エムスリーのプロダクトマネージャーの必読書でもあり、先日第2版が発売された「INSPIRED 熱狂させる製品を生み出すプロダクトマネジメント」では、プロダクトマネージャーの主な責任について、以下のように書かれています。

可能性を評価し、何を作って顧客に届けるのかを判断することだ。

(INSPIRED第二版のP58より引用)

そして

製品発見の目的は次の4つの重要なリスクに対処することである。

  • 顧客はこれを買ったり、これを使うことを選んでくれるだろうか?(価値のリスク)
  • ユーザーはこれの使い方が分かるだろうか?(ユーザービリティのリスク)
  • 私たちはこれを作れるだろうか?(実現可能性のリスク)
  • このソリューションは私たちのビジネスに貢献するだろうか?(事業実現性のリスク)

(以上、INSPIRED第二版のP183より引用)

今回は、これらリスクのうち「価値のリスク」の検証をクイックに行った話になります。

具体的事例

エムスリーペイシェントサポートプログラム

「エムスリーペイシェントサポートプログラム(以下M3PSP)」は、企業の従業員向けに最適な医療を選ぶための支援を行うB2E型サービスです。
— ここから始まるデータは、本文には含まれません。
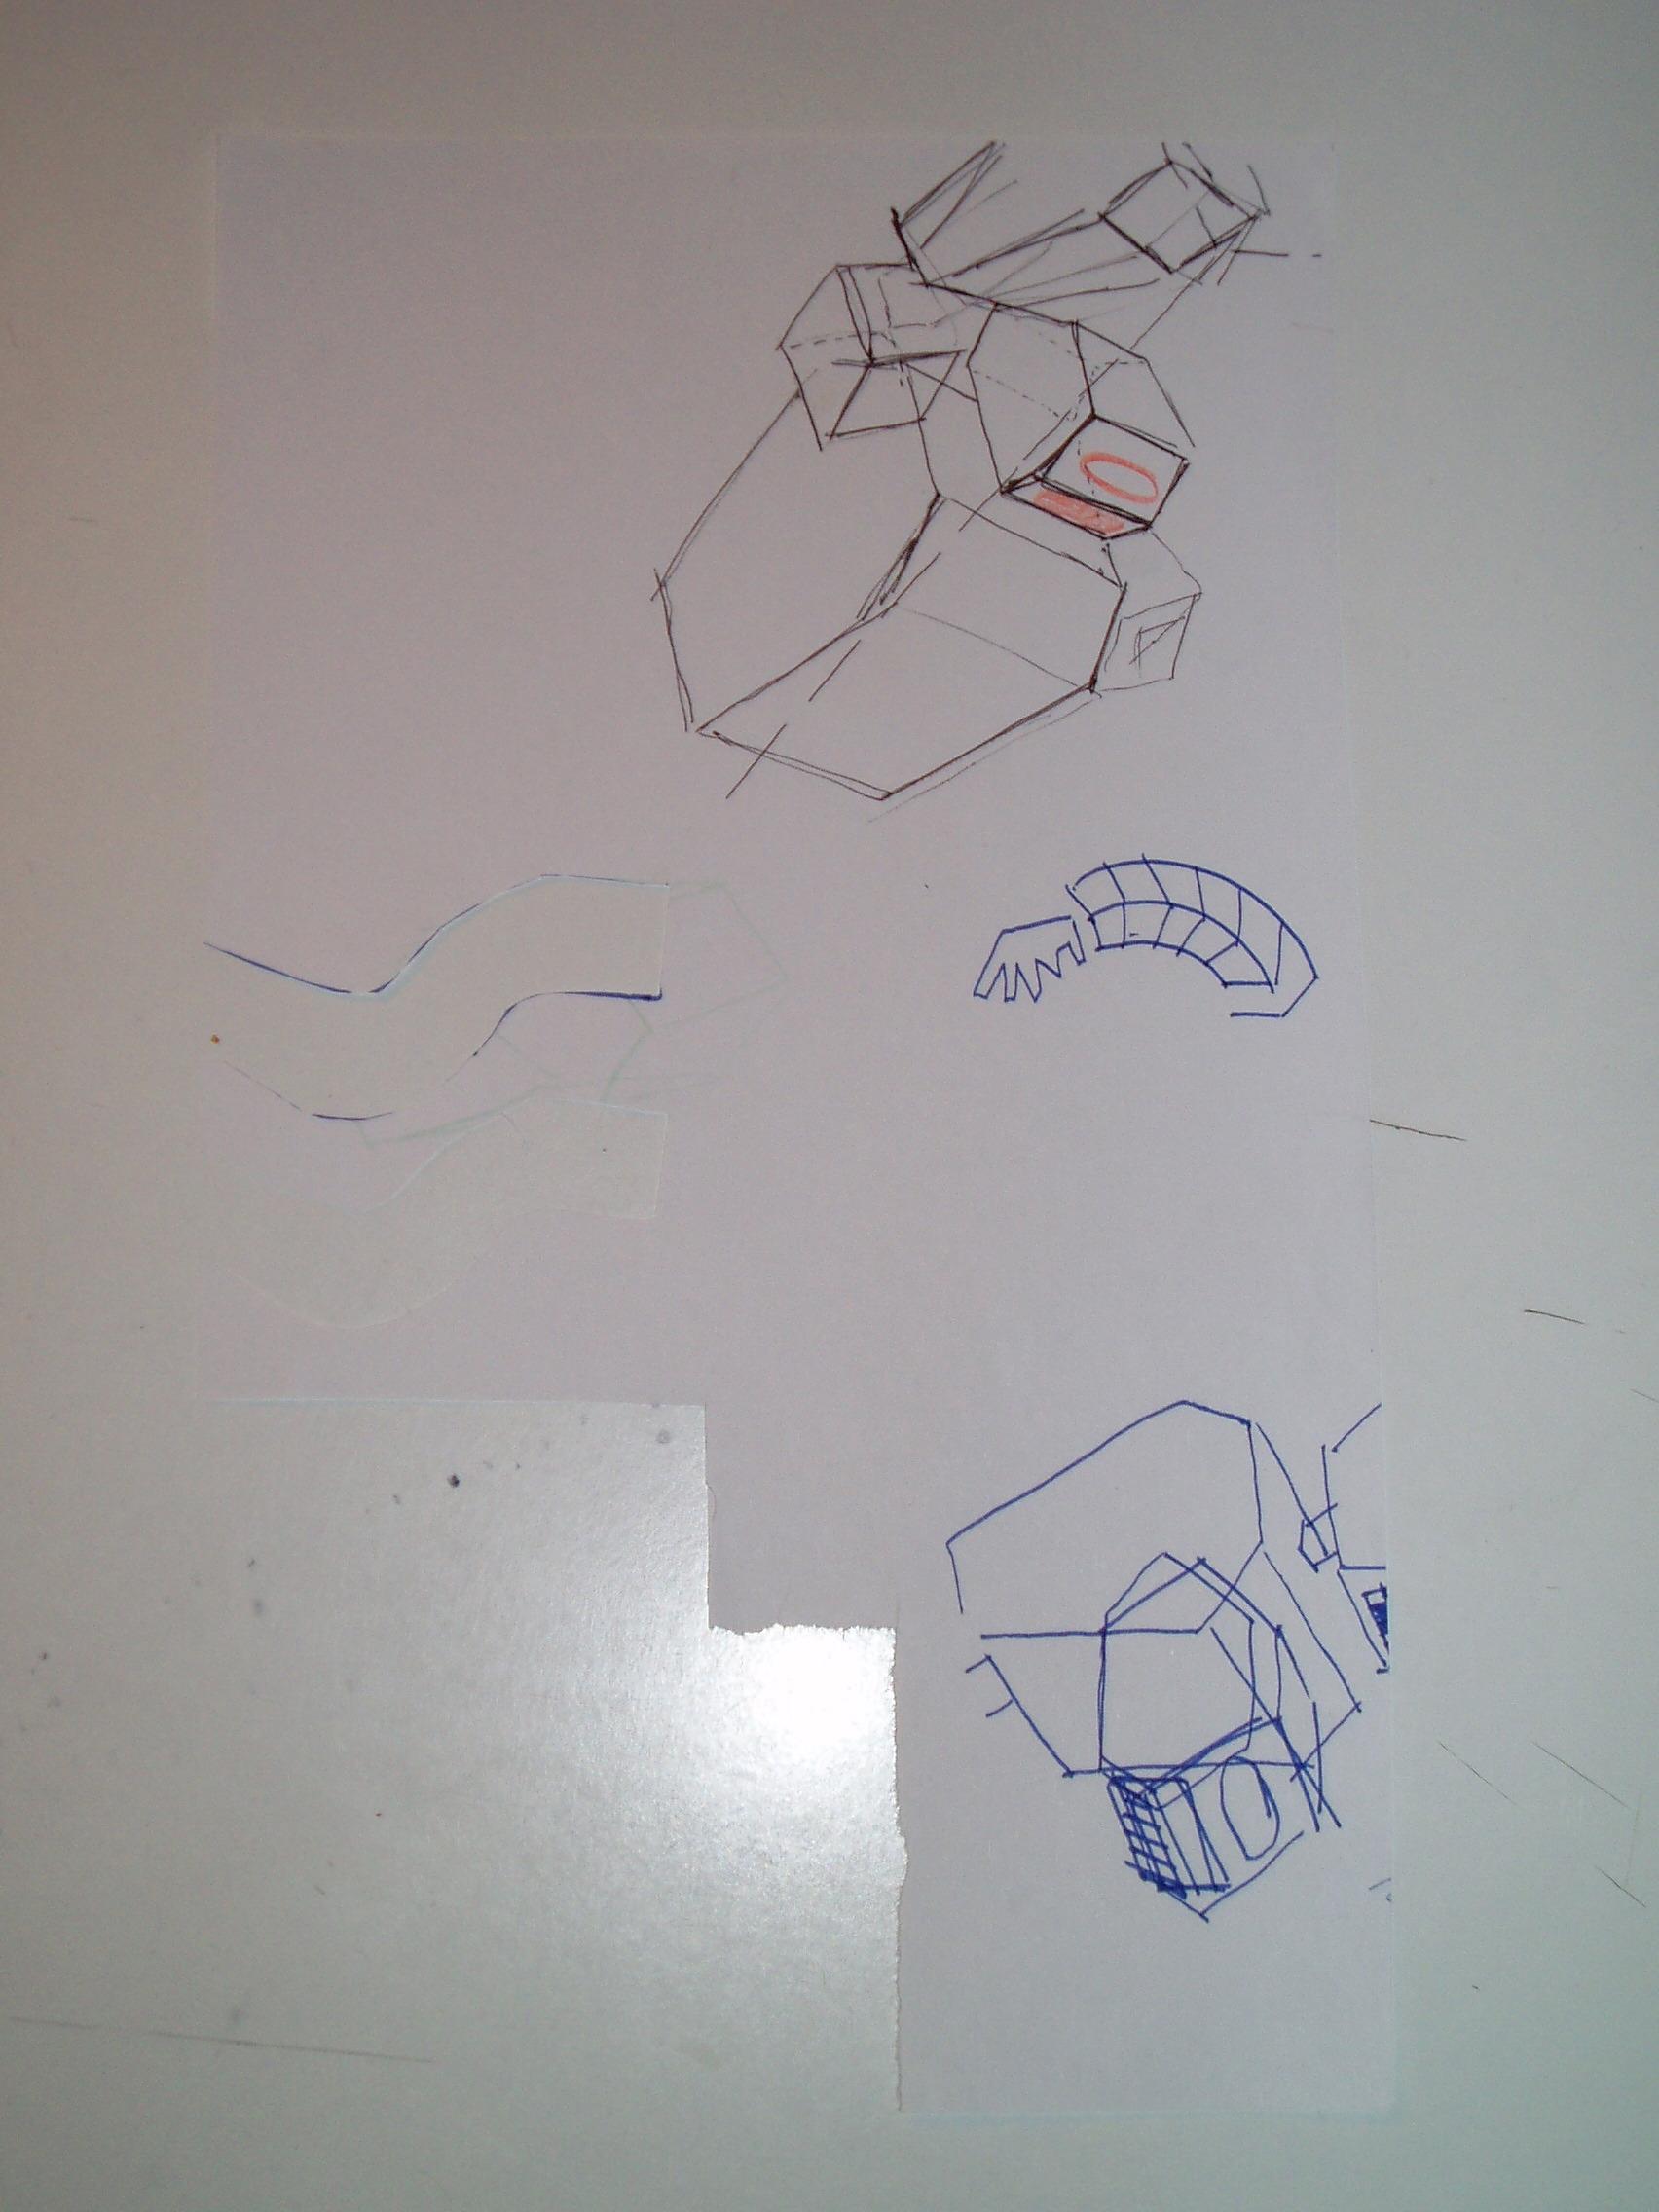 robot tecnology carta cartone disegni scritte carta pesta bomboletta spray

  • 医療機関の選択や治療方針に関する不安を抱える患者さんのからの相談を、エムスリーの専任スタッフ(看護師・保険師)が受け、エムスリーが持つ28万人の医師ネットワークを活用してサポートします。
  • 従業員には会社の福利厚生として提供されます。
  • NPSのスコアは80以上を維持する、利用者からの評価が高いサービスです。

解決したい課題

病気になった時に相談するサービスという性質上、全員が今すぐ使うものではないため、使わないと良さが分からないかもしれないという課題があります。従業員の方にいざという時に利用していただけるように、サービス認知度を高めることがサービスが成長していく上で必要不可欠です。

仮説検証の進め方

今回の取り組みは、M3PSPの事業責任者に、課題を解決するソリューション案を提案したところから始まりました。

仮説検証の方法を検討した結果、

  • プロダクトはアプリとして提供する
  • 検証をクイックにやるために開発期間は1~2週間
  • いきなり導入企業全体でテストをするのではなく、協力を得やすい一部企業に絞ってテストを実施する

という方針で進めることにしました。

Androidアプリを開発1週間、QA1週間の計2週間で開発

MVPアプリを開発するうえで意識した点は下記の4点です。

  1. MVPのスコープを、基本通り「顧客に価値を提供できる最小限のプロダクト」とした
  2. MVPアプリのソースコードは捨てる前提で割り切った
  3. iOSアプリを作らずAndroidアプリのみに絞った
  4. サーバーを立てず、Firebaseで完結する設計とした

2週間で開発できた最大のポイントは、1点目の「MVPのスコープを基本通り『顧客に価値を提供できる最小限のプロダクト』としたことです。今回必要な機能は「コンテンツが読めること」と「Push通知が配信できること」の2点のみだったため、それ以外の機能は一切作らないことを徹底しました。

とはいっても、検討していくうちにいつのまにかスコープが広がってしまう、ということもあるかと思います。*1 今回上手くいった要因を思い返すと、自分の中で先に1週間という期限を決めたことにあったと気が付きました。先に目標期間を決めることで、期間から逆算して、その期間内に「顧客に価値を提供できるプロダクト」を作るためにどうすればいいかという視点で考えることができたからです。

まとめ

プロダクトマネージャーの主な責任である「製品の発見」について、私が実際に進めているプロジェクトの事例を紹介する形で書かせていただきました。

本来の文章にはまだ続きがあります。